With LLCs, the members can choose to run the business together, appoint one member as the main director, or appoint an outside individual to run the business.
Even though corporate shareholders own the company, they do not make decisions about management, strategy, or company policy. They instead elect a board of directors and leave these decisions up to them. The board of directors then hires officers (CEO, COO, CFO, etc.) to handle day-to-day operations.
The ability to own stock makes it much easier for corporations to attract investors than LLCs. Investing in an LLC requires much more effort from the investor when compared to buying, retaining and selling corporate stock.
Standard corporations (as opposed to S-corps, which we’ll explain shortly) can also offer preferred stock along with common stock. Venture capitalists and angel investors heavily favor preferred stock due to the lower risk and higher yield. So, if your business plan revolves around raising money, it’s very hard to argue against the corporate structure.
The previous section mentioned S-corps. The “S” stands for Sub-chapter of S of the Internal Revenue Code, or tax code. This section of the tax code deals with “pass through” entities, which brings us to the main difference between S-corps and standard corporations, or C-corps.
The widely-disliked tax system for C-corporations is known as “double taxation.” Not only does business income get taxed, but shareholders get taxed personally as well if they receive dividends from business income. In order to escape the second tax, shareholders must take only what the IRS would consider a “reasonable” salary and reinvest all other profits back into the business.
S-corps do not get taxed at the business level. Shareholders only pay taxes on their allocated shares of the business income, and at their personal income tax rate. Since there’s so much more money to go around, S-corps shareholders usually stand to take home substantially higher salaries than C-corps shareholders.
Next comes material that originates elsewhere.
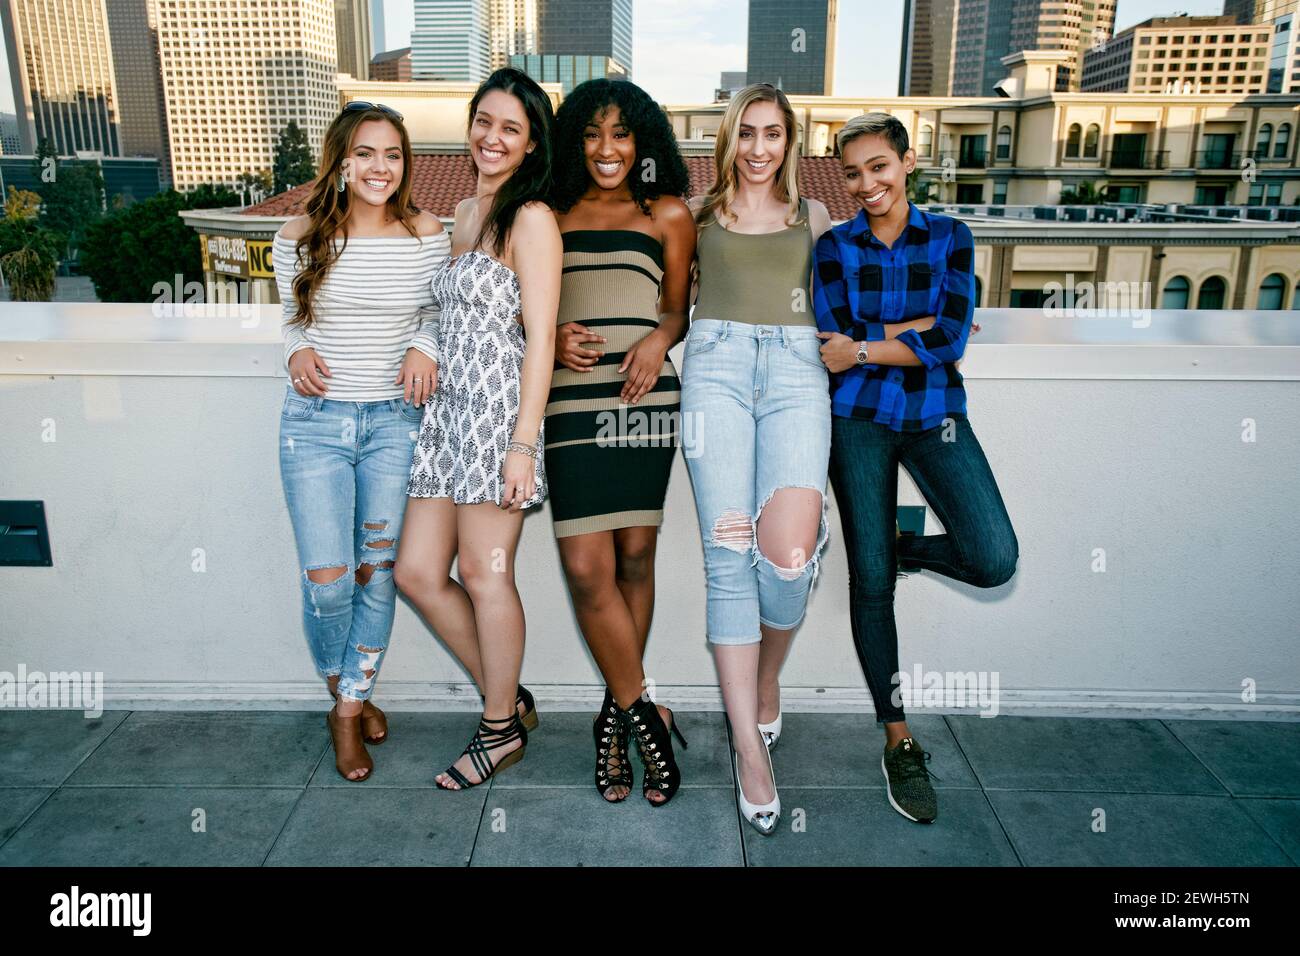 Five young women posing for photographs on a rooftop, city skyline background Stock Photo

Owners of LLCs can choose whether to be taxed as C-corps or S-corps. Most LLCs tend to choose the latter, and that number will likely go up due to recent changes in tax laws for corporations and LLCs. Only your accountant, however, can confirm which system makes sense for you.
The Tax Cuts and Jobs Act (or the “Trump Tax Plan” went into effect during the 2019 tax season. This law cuts the tax rates for both C-corps and pass-through entities, as seen below:
The new law certainly does reduce the tax bills for corporations, LLCs and other pass through entities. But it probably won’t affect anyone’s decision of how to structure their business. Corporations will still face “double taxation,” and pass through entities will still pay significantly less taxes.
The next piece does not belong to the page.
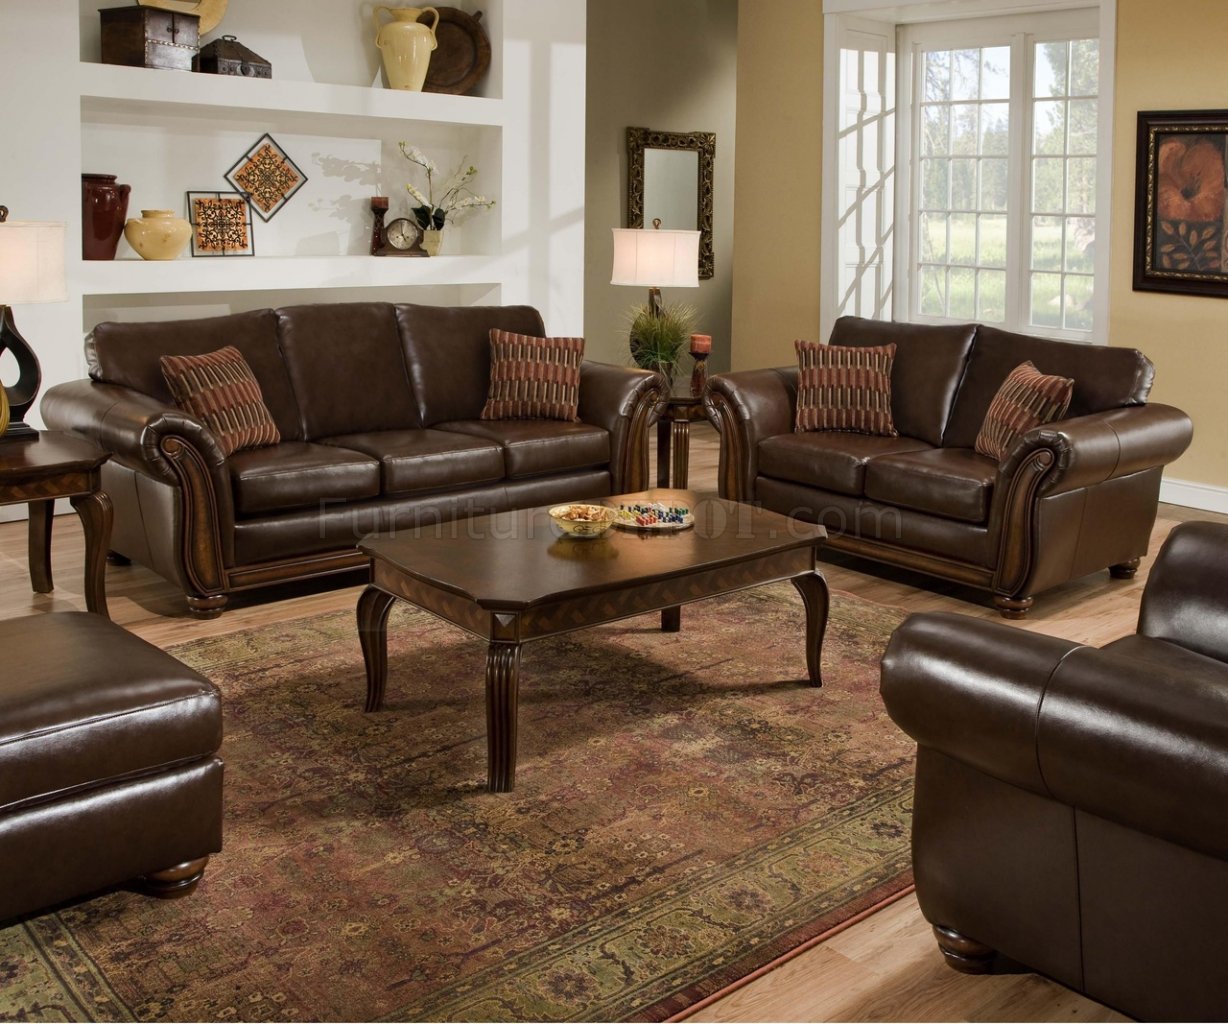 Vintage Soft Bonded Leather Sofa, Simmons Leather Sofa And Loveseat Set

Unlike LLCs, corporations must fulfill myriad legal responsibilities periodically throughout the year just to maintain their corporate status. This includes holding regular board of directors meetings, holding regular shareholder meetings, issuing stock certificates, and more. Holding regular meetings would be much less tedious if corporations weren’t required to document all important decisions that transpire.
Both types of businesses must pay annual fees to their home states, with LLCs paying the lower of the two. And since LLCs have the less complicated tax system, they usually don’t have to shell out hundreds of dollars in accounting and tax filing fees.
In the beginning of this article, we established that this decision would likely come down to your future goals. Unless your goals involve massive growth, it’s difficult to justify choosing a corporation instead of an LLC.
Corporations are more complicated and expensive to manage because they put your business in the position to earn more money. Owners of LLCs would argue that their structure allows them more freedom to grow their businesses through their own efforts, as opposed to attracting investors. Which of those scenarios sounds more appealing to you? It’s up to you to choose the option that best suits your preferred path to success.